Number 10, one block in, was hidden by scaffolding swathed in black plastic netting to avoid tools falling on pedestrians’ heads. It wasn’t the only building undergoing renovation, and when he looked he saw these occasional black masks all the way down the street. He checked the buzzers and pressed the one with parkhall stamped on it. After a moment, a weary “Igen?” sounded over the speaker.
“Mr. Terry Parkhall?”
“Yeah?”
“Sorry to bother you. My name’s Sebastian Hall, and I’m looking into the disappearance of an associate of yours. Henry Gray. You think you could spare a minute?”
“You press?”
“No.”
There was a moment of static. “Then what are you?”
“A private investigator. Gray’s aunt, Sybil Erikson, hired me.”
“I didn’t know he had an aunt.”
“A lot of us have them, Mr. Parkhall.”
The heavy front door buzzed, so Milo pushed it open as Parkhall said, “Third floor. Take your time; I’m not dressed yet.”
The stairwell was a mess of dust and chunks of concrete and loose steel pipes left behind by construction workers out for the weekend. He mounted the stairs and tested the railing, but it wouldn’t hold a child if it came to it, so he continued up with his hands clasped behind his back.

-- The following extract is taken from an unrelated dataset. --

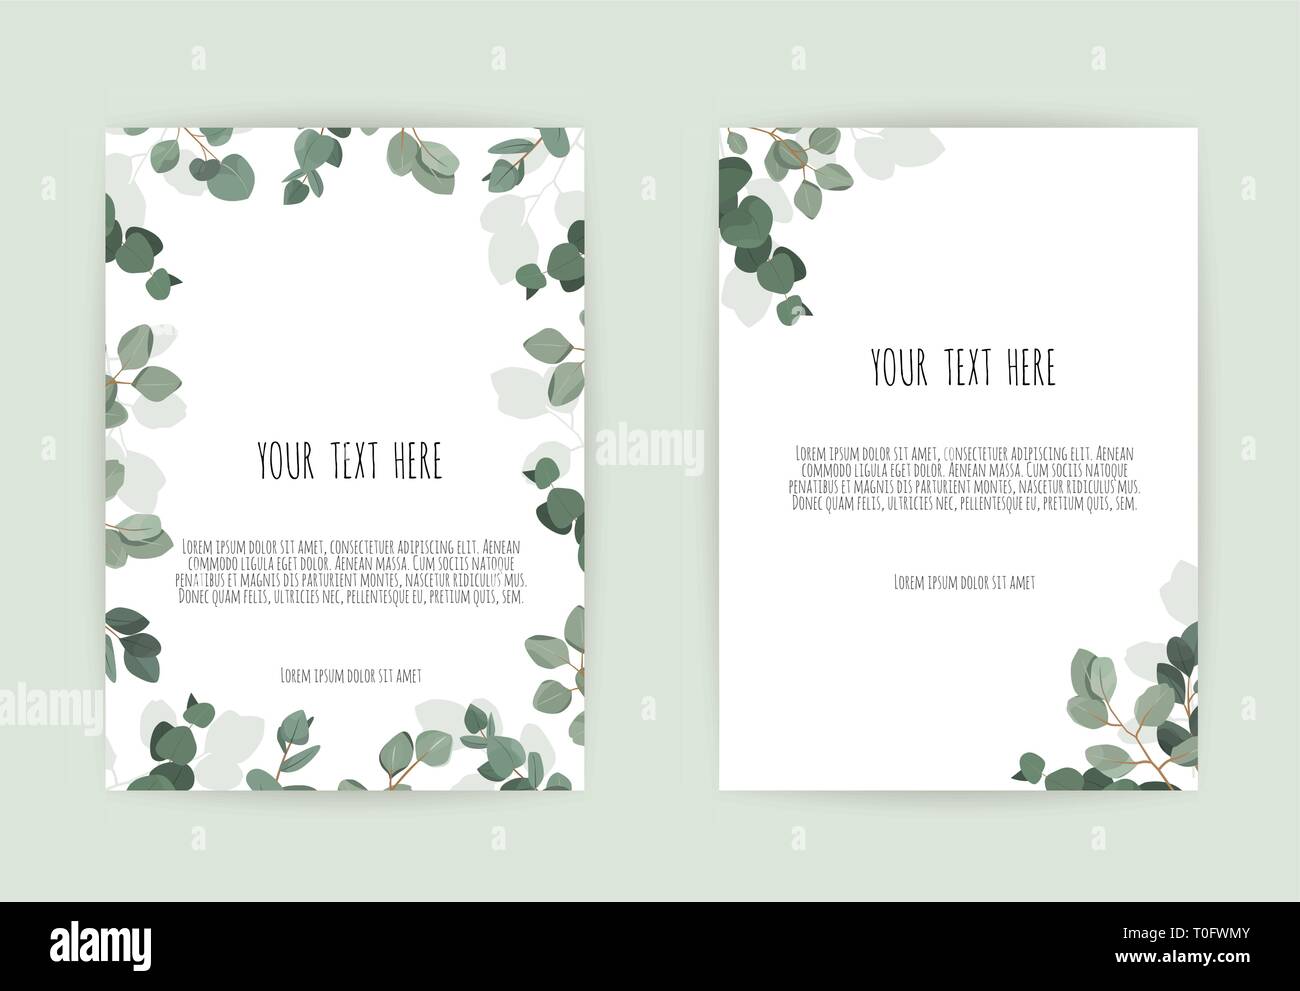 Modèle de carte d'invitation de mariage botanique design, fleurs blanches et roses sur fond blanc. Illustration de Vecteur

He’d settled on the cover story during his walk here. Originally he’d thought that introducing himself as a new freelance journalist would do the trick, but on reflection realized that this would take too long-inevitably the way to greet a newcomer is to take him out and get him roaring drunk, not to answer questions about a missing colleague. Nor would honesty work-this man might have met the previous Milo Weaver, and wouldn’t believe that he had been fooled before. So a private investigator came to mind, and an aunt that would take days for Parkhall to realize didn’t exist.
There were two doors on the third floor, both with barred steel gates on the outside, but only one of these was open, so he stepped up to it and rapped on the wooden door. “Mr. Parkhall?”
From behind him, a male voice. “Wrong way.”
He turned to see a tall, thin man in a robe and pajama pants standing behind the bars opposite, rubbing his disheveled hair. He went to Parkhall as the door he’d knocked on was unlocked and an old woman peered out. “Mi van?”